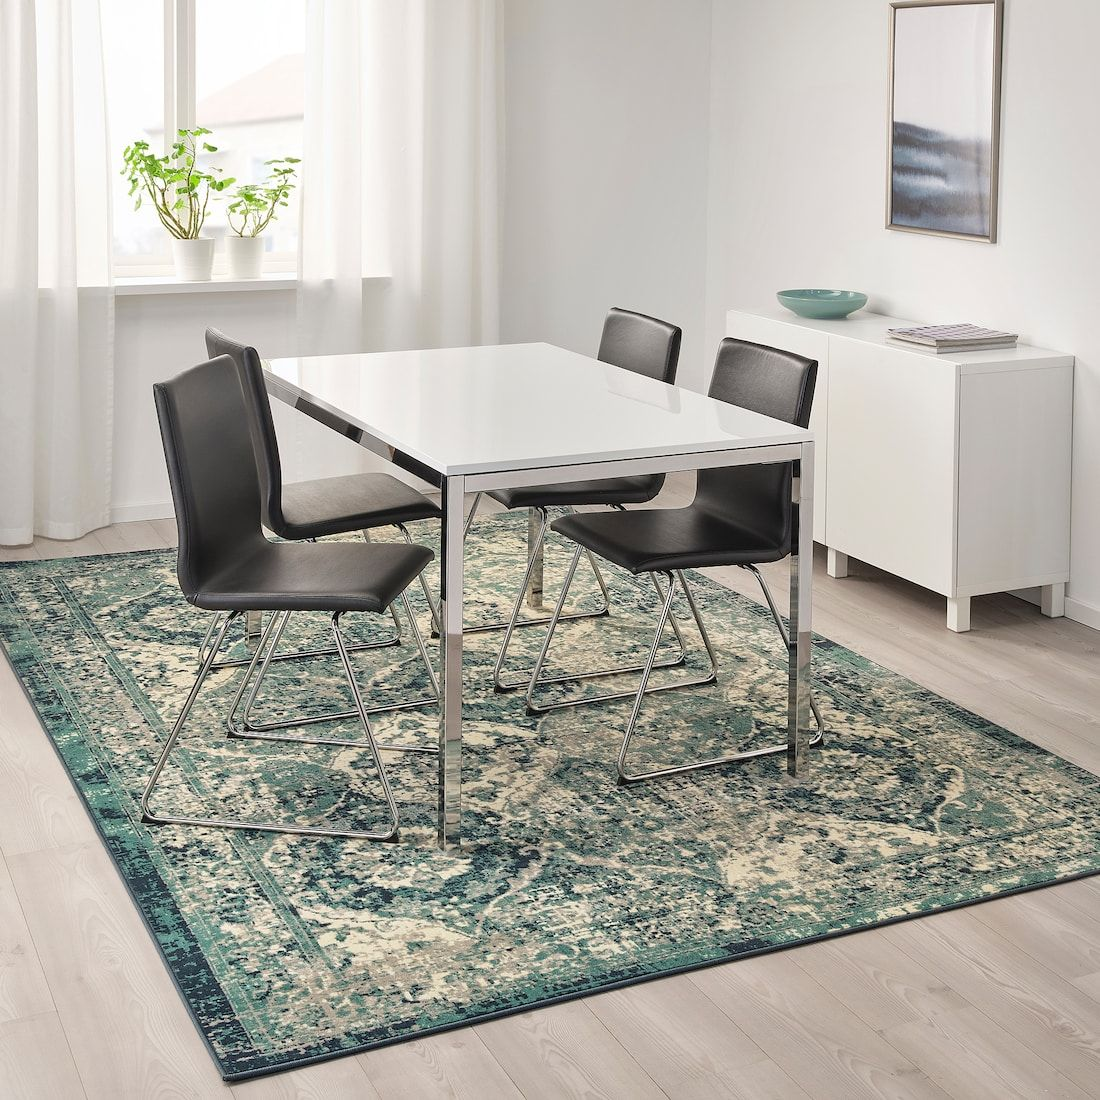 VONSBÄK Rug, low pile - green 200x300 cm | Green rug ...
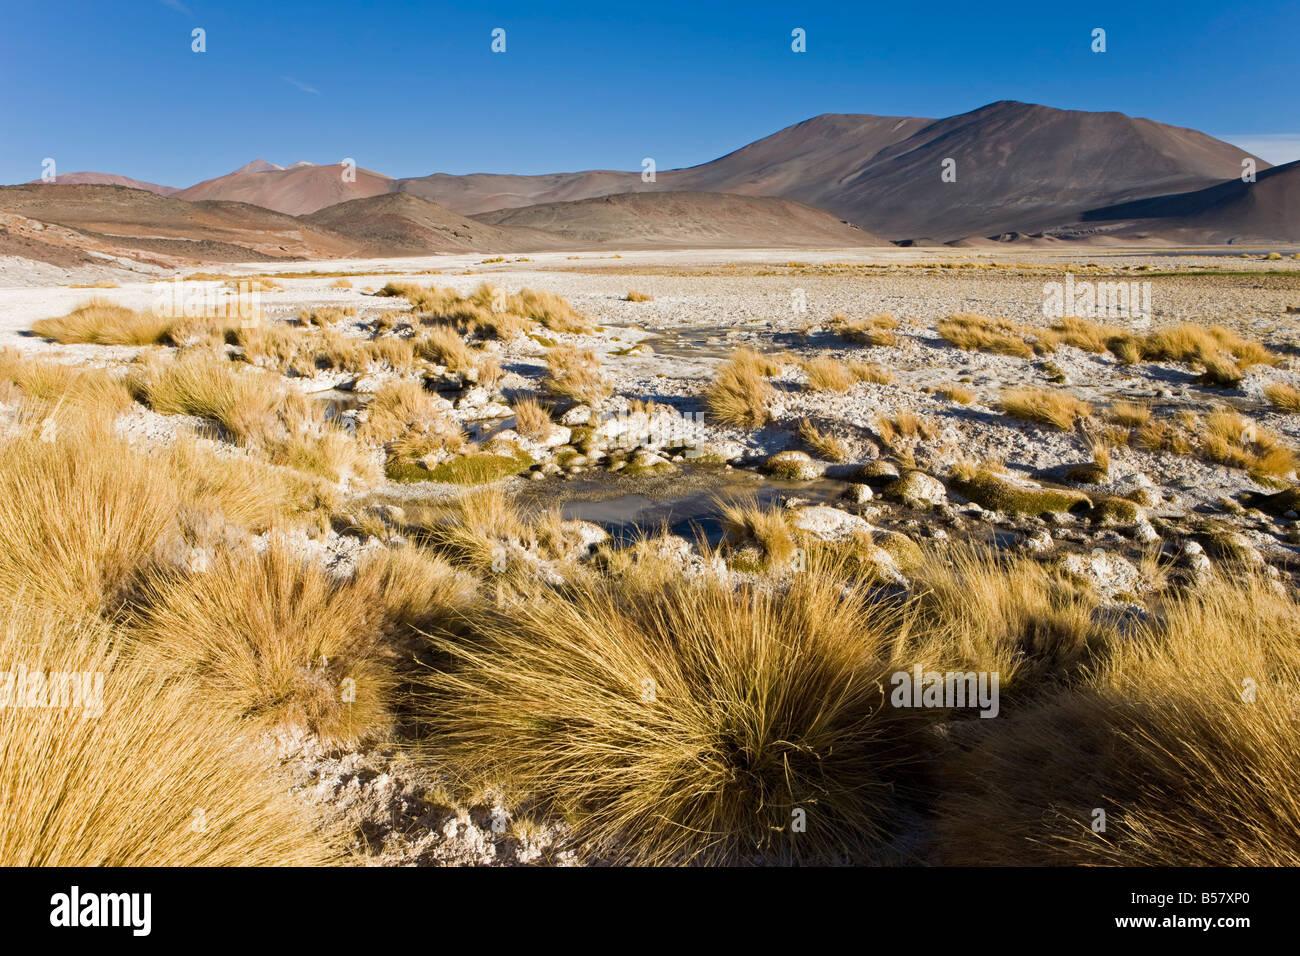 Altiplano, Los Flamencos National Reserve, Atacama Desert, Antofagasta Region, Chile - Stock Image
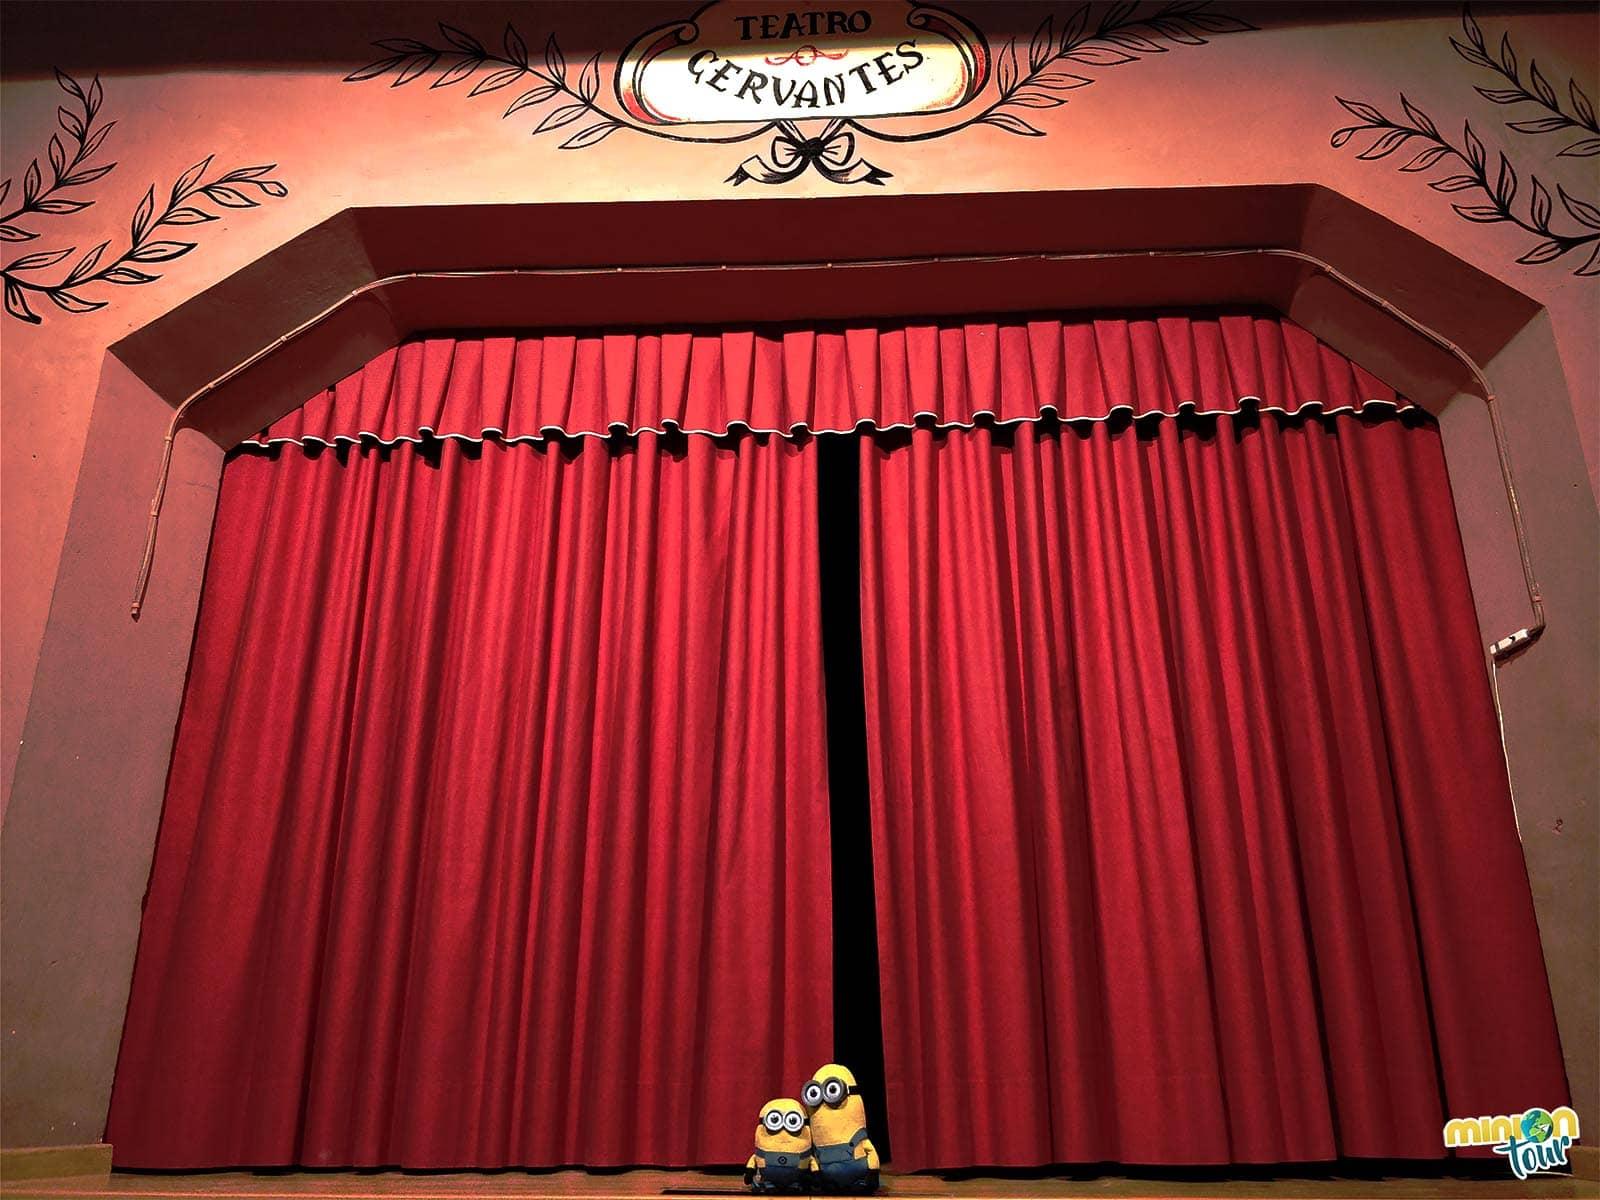 Telón del Teatro Cervantes de Fuensanta

# AIM OF THE EXERCISE
Reproduce every line above exactly as written, omitting the images.

# OUTPUT OF THE TASK
 VONSBÄK Rug, low pile - green 200x300 cm | Green rug ...
 Altiplano, Los Flamencos National Reserve, Atacama Desert, Antofagasta Region, Chile - Stock Image
 Telón del Teatro Cervantes de Fuensanta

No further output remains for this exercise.